Lincomycin HCl-loaded nanoparticles: development, optimization, and incorporation into a nanogel for wound healing

Abstract

The present study focused on developing and evaluating lincomycin HCl (LCH)-loaded chitosan nanoparticles (CSNPs) incorporated into a nanogel system to improve wound healing. CSNPs were prepared via ionic gelation using sodium tripolyphosphate (STPP) as a cross-linker. The optimized formulation showed a mean particle size of 174.3 nm, a polydispersity index (PDI) of 0.267, a zeta potential of +29.4 mV, and a drug entrapment efficiency of 83.7%. FTIR, DSC, and XRD analyses confirmed successful drug encapsulation and stability with no chemical interactions. The formulation demonstrated sustained release (>75% in 24 hours) following non-Fickian kinetics.
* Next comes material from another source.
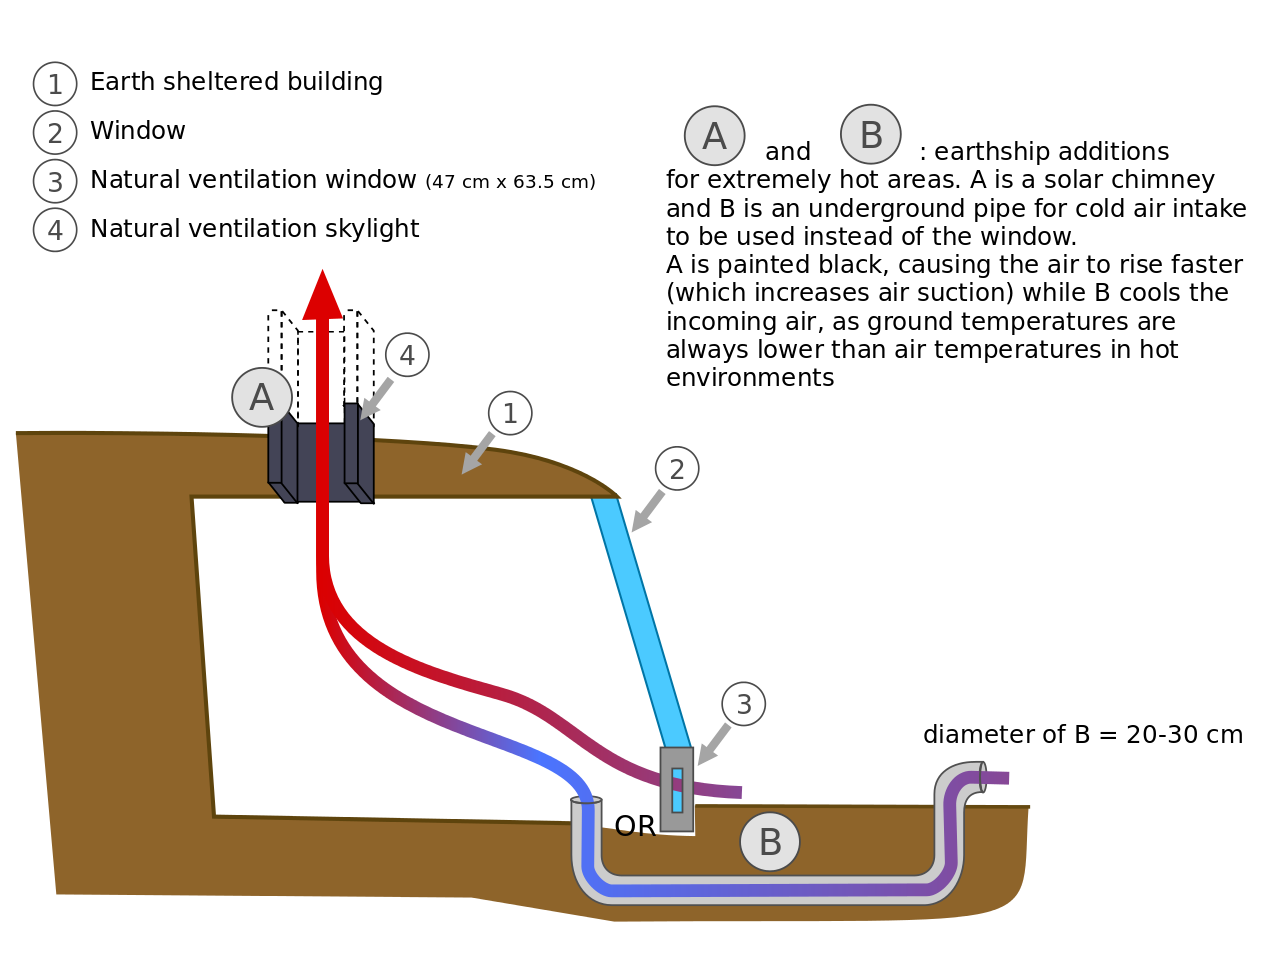 File:Earthship-ventilation-cooling-tube-schematic.svg ... wiring a four way switch diagram boiler

Antibacterial testing revealed improved efficacy against Staphylococcus aureus and Escherichia coli with inhibition zones of 45 mm ± 2.76 and 38 mm ± 2.15, respectively. In vivo wound healing studies in rats demonstrated almost complete wound closure within 14 days in the treated group, compared to significantly slower healing in the control group. These results show that the LCH–CSNP nanogel provides controlled drug release, effective antimicrobial action, and accelerated wound healing, highlighting its potential as a topical therapeutic platform.